Besides the Pi 5 being approximately 2.5x faster for general compute, the addition of other blocks of the Arm architecture in the Pi 5's upgrade to A76 cores promises to speed up other tasks, too.
On the Pi 4, popular image processing models for object detection, pose detection, etc. would top out at 2-5 fps using the built-in CPU. Accessories like the Google Coral TPU speed things up considerably (and are eminently useful in builds like my Frigate NVR), but a Coral adds on $60 to the cost of your Pi project.
With the Pi 5, if I can double or triple inference speed—even at the expense of maxing out CPU usage—it could be worth it for some things.

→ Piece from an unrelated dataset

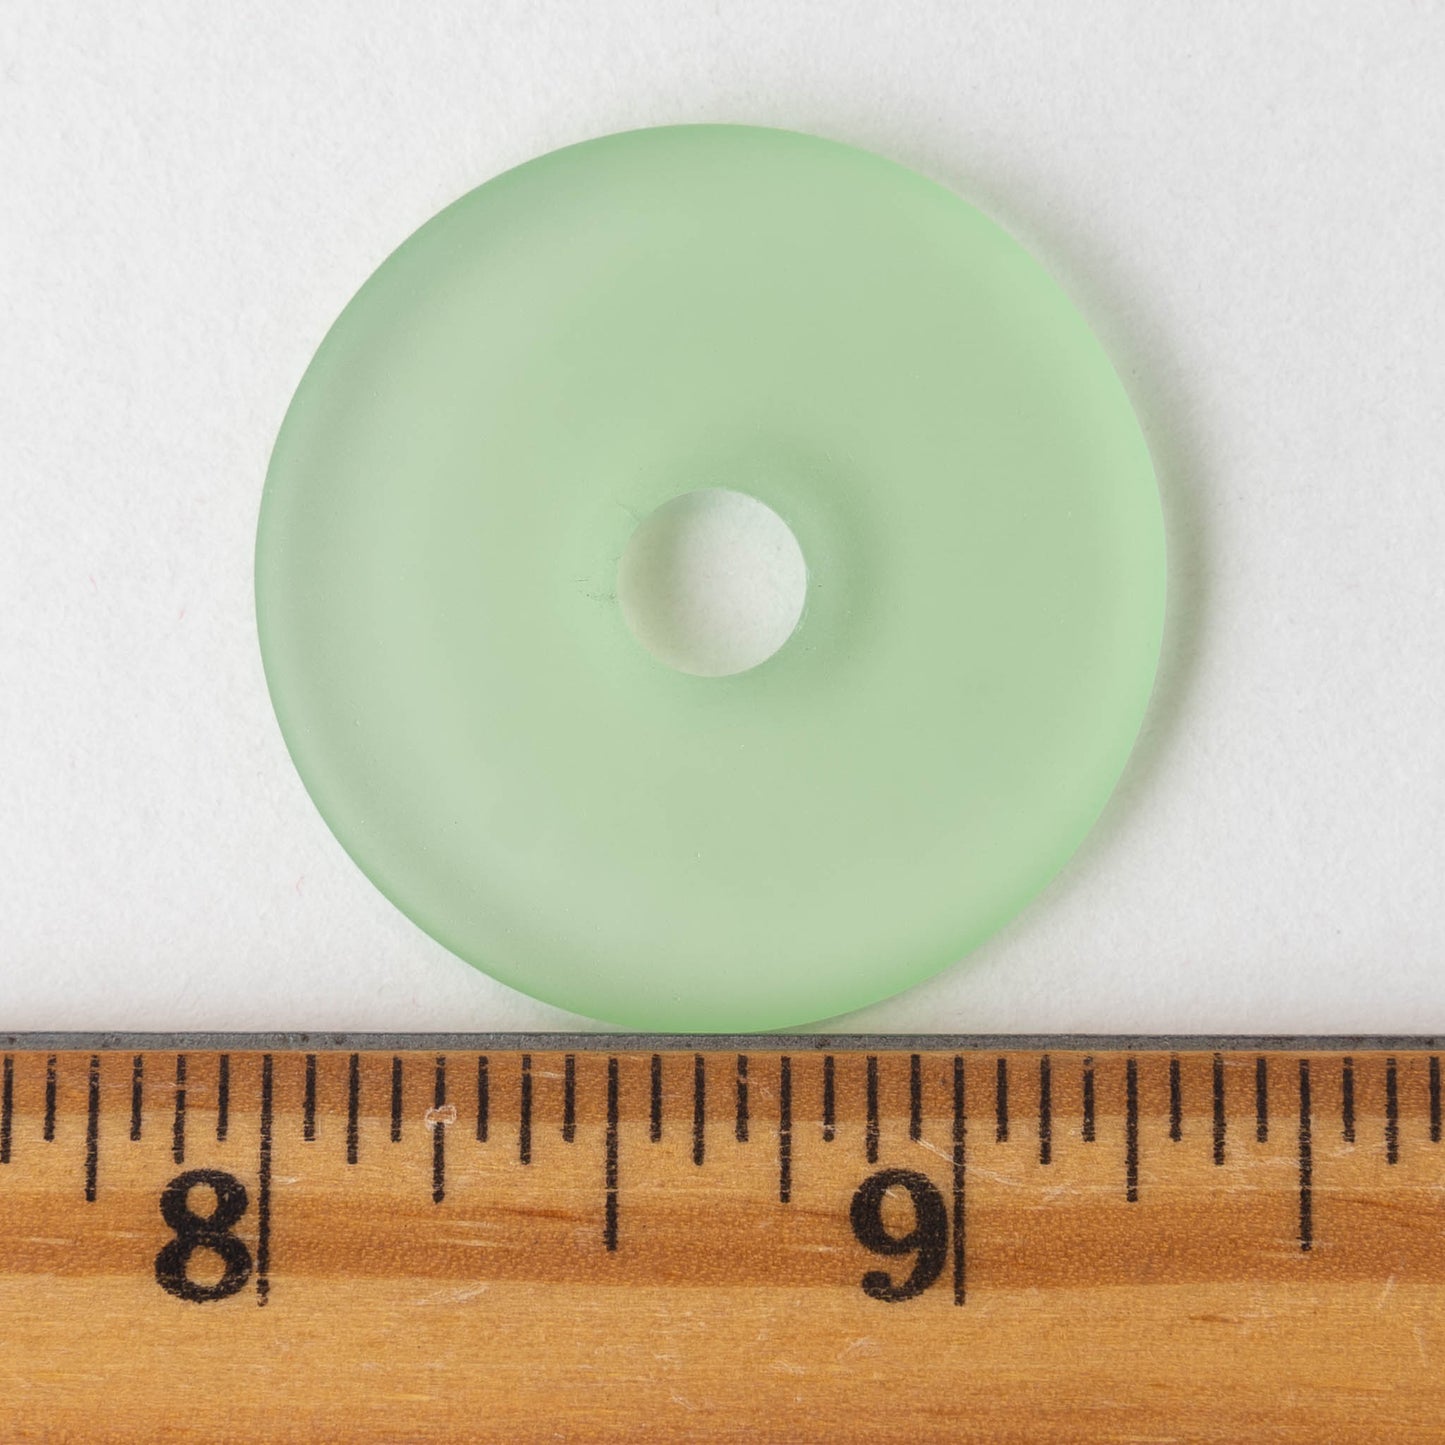 34mm Frosted Glass Donut - Peridot Green - 1 Donut

To benchmark it, I wanted something I could easily replicate across my Pi 4 and Pi 5, and luckily, the picamera2
library has examples that I can deploy to any of my Pis easily.
Using TensorFlow Lite, I can feed in the example YOLOv5 or MobileNetV2 models, and see how performance compares between various Pi models.
Installing dependencies
You need to have picamera2
and a few other dependencies installed for the examples to run. Some of them are pre-installed, but check the documentation at the top of the example file for a full listing.
# Install OpenCV and Pip.
sudo apt install build-essential libatlas-base-dev python3-opencv python3-pip
# Install the TensorFlow Lite runtime.
pip3 install tflite-runtime
# Clone the picamera2 project locally.
git clone https://github.com/raspberrypi/picamera2
Running the models
To use the picamera2
examples, you should have a Pi camera plugged into one of the CSI/DSI ports on your Pi 5 (or the camera connector on the Pi 4 or older). I'm using the Pi Camera V3 for my testing.
Then go into the tensorflow examples directory in the picamera2
project you cloned earlier:
cd picamera2/examples/tensorflow
Run the real-time YOLOv5 model with labels:
python3 yolo_v5_real_time_with_labels.py --model yolov5s-fp16.tflite --label coco_labels_yolov5.txt
Run the real-time MobileNetV2 model with labels:
python3 real_time_with_labels.py --model mobilenet_v2.tflite --label coco_labels.txt
I would like to find an easy way to calculate FPS for these models, so I can compare raw numbers directly, instead of just looking at a recording and estimating how many FPS I'm getting for the raw TensorFlow processing.
Watching htop
, the CPU certainly gets a workout!
Using rpicam-apps
instead
It seems like rpicam-apps
has some more advanced image processing options, using the --post-process-file
option.
For example, object_classify_tf.json
contains and example with MobileNetV1, which relies on the mobilenet_v1_1.0_224_quant.tflite
and labels.txt
file being present in a models
directory in your home folder.
Or for an extremely basic example, the negate.json
stage just inverts the pixel feed, giving a negative view of the camera feed:
I haven't experimented as much with this, but it might be easier to introduce image processing this way than using Python, especially for demo/comparison purposes!
Comments
lol, just noticed in my picture of the screen, one of the detections said it found 'horse', with a 58% score :D
Neigh, that can't be right
Love your videos and posts. You're doing the hacks I love and could never do myself.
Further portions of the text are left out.